(SenePlus) - Malick Gakou assume pleinement la fusion du Grand Parti avec le Pastef, qu’il présente comme un choix de conviction plutôt qu’une adaptation à la nouvelle donne politique. Dans un entretien accordé à L’Observateur ce mercredi 10 juin 2026, l’ancien ministre affirme que cette décision répond à une volonté de renforcer les forces engagées dans la transformation du Sénégal autour d’un projet commun porté par le président du Pastef, Ousmane Sonko.
Selon lui, cette fusion s’inscrit dans la continuité d’un compagnonnage politique de plus d’une décennie entre les deux formations. Gakou rappelle leur participation commune aux principales coalitions de l’opposition, de Manko Wattu Sénégal à Yewwi Askan Wi, ainsi que son soutien à Ousmane Sonko lors de moments qu’il juge déterminants dans son parcours politique. « La politique n’est pas une affaire de conservation de sigles », soutient-il, estimant que les convergences idéologiques entre le Grand Parti et le Pastef rendaient ce rapprochement naturel.
L’ancien candidat à la présidentielle justifie également ce choix par les limites observées dans les coalitions électorales. À ses yeux, les alliances restent souvent fragiles et vulnérables aux divergences d’intérêts, tandis que la fusion permettrait de construire une organisation plus stable et plus cohérente. Dans un contexte marqué par d’importants défis économiques et sociaux, il considère que la cohérence politique constitue désormais une exigence de gouvernance.
Interrogé sur sa fidélité à Ousmane Sonko durant les périodes les plus difficiles, Malick Gakou invoque une question de principes. Il affirme avoir toujours privilégié la défense de valeurs qu’il juge essentielles à la démocratie, aux libertés publiques et à la transparence. Cette proximité, explique-t-il, repose sur une relation de confiance mutuelle et sur une vision commune de l’avenir du Sénégal. Il décrit d’ailleurs l'actuel président de l'Assemblée nationale comme « un homme de conviction et de vertu » dont il partage le leadership.
Réagissant aux critiques selon lesquelles le Grand Parti aurait accompagné le Pastef sans contrepartie politique ni nomination au sein de l’appareil d’État, Gakou rejette toute logique de récompense. Il soutient que son engagement et celui de ses militants n’ont jamais été motivés par la recherche de postes. Selon lui, la réussite du projet politique et l’amélioration des conditions de vie des Sénégalais demeurent les véritables objectifs poursuivis.

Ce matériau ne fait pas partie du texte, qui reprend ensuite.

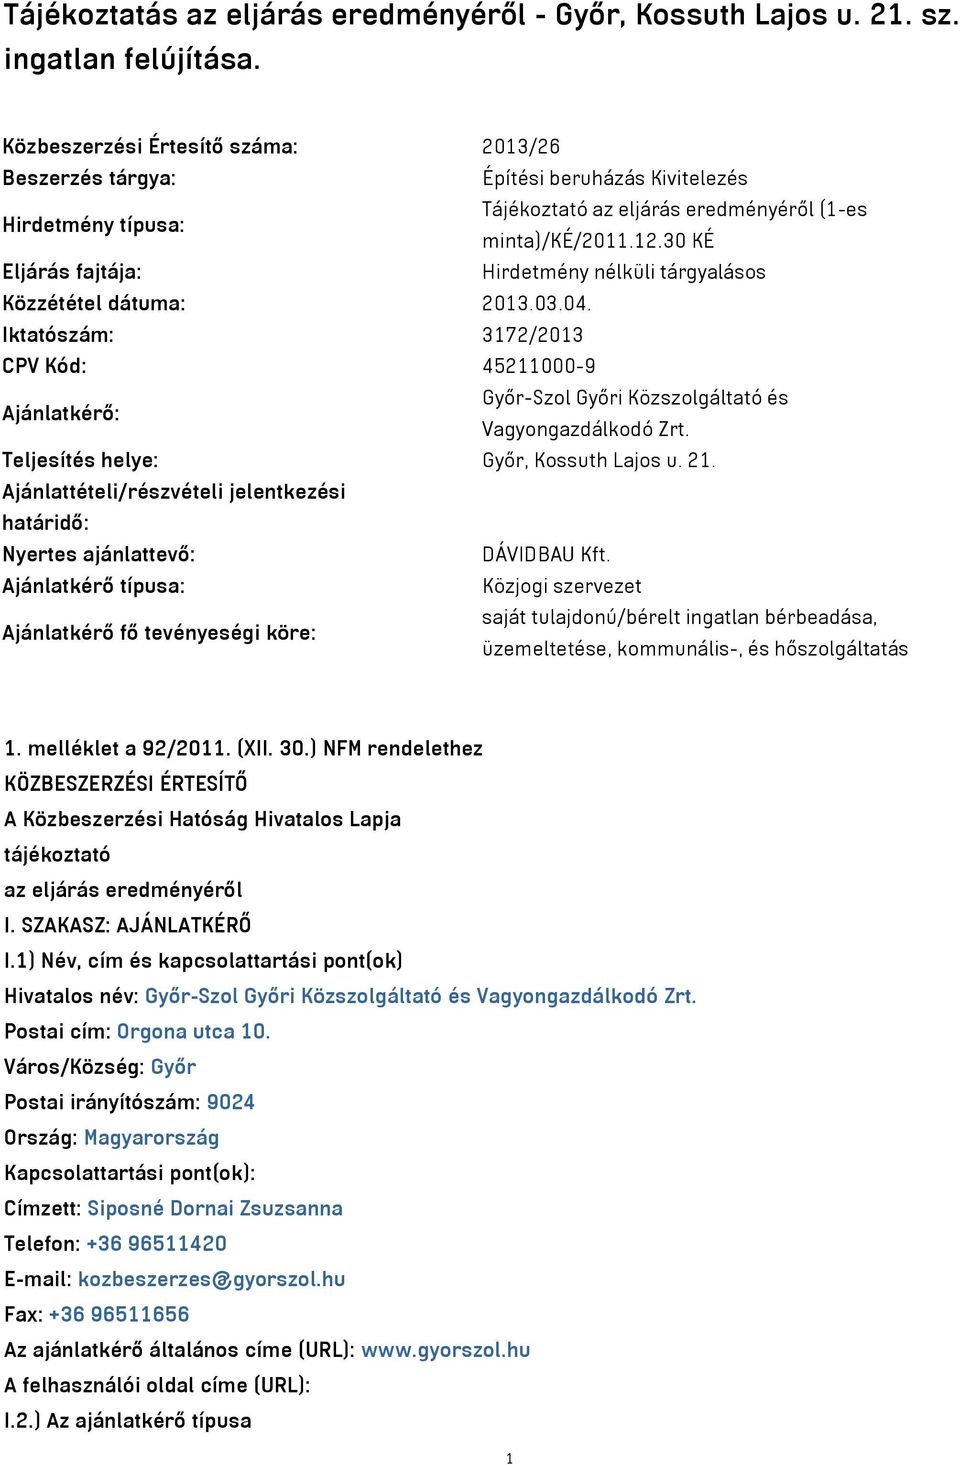 30 KÉ Eljárás fajtája: Hirdetmény nélküli tárgyalásos Közzététel dátuma: 2013.03.04. Iktatószám: 3172/2013 CPV Kód: 45211000-9 Ajánlatkérő: Győr-Szol Győri Közszolgáltató és Vagyongazdálkodó Zrt.

Sur les débats internes suscités par la fusion, le responsable politique reconnaît l’existence de quelques réserves au sein de son ancienne formation, tout en assurant que la décision a été prise à l’issue d’un large processus de concertation. Il affirme que la majorité des responsables et militants du Grand Parti ont adhéré à cette démarche, qu’il qualifie d’historique, destinée à consolider les forces de transformation autour du Pastef.
Au-delà des questions partisanes, Malick Gakou s’est également exprimé sur la situation politique et économique du pays. Il réfute l’existence d’une crise institutionnelle entre les plus hautes autorités de l’État et appelle à préserver l’unité au sein du Pastef. Sur le plan économique, il reconnaît la difficulté de la conjoncture actuelle, marquée par un endettement élevé et de fortes attentes sociales, mais souligne les nombreux atouts du Sénégal. Pour lui, la priorité doit être de bâtir une économie plus souveraine, capable de transformer localement les ressources nationales, de créer massivement des emplois et de réduire la dépendance du pays à l’égard de l’extérieur.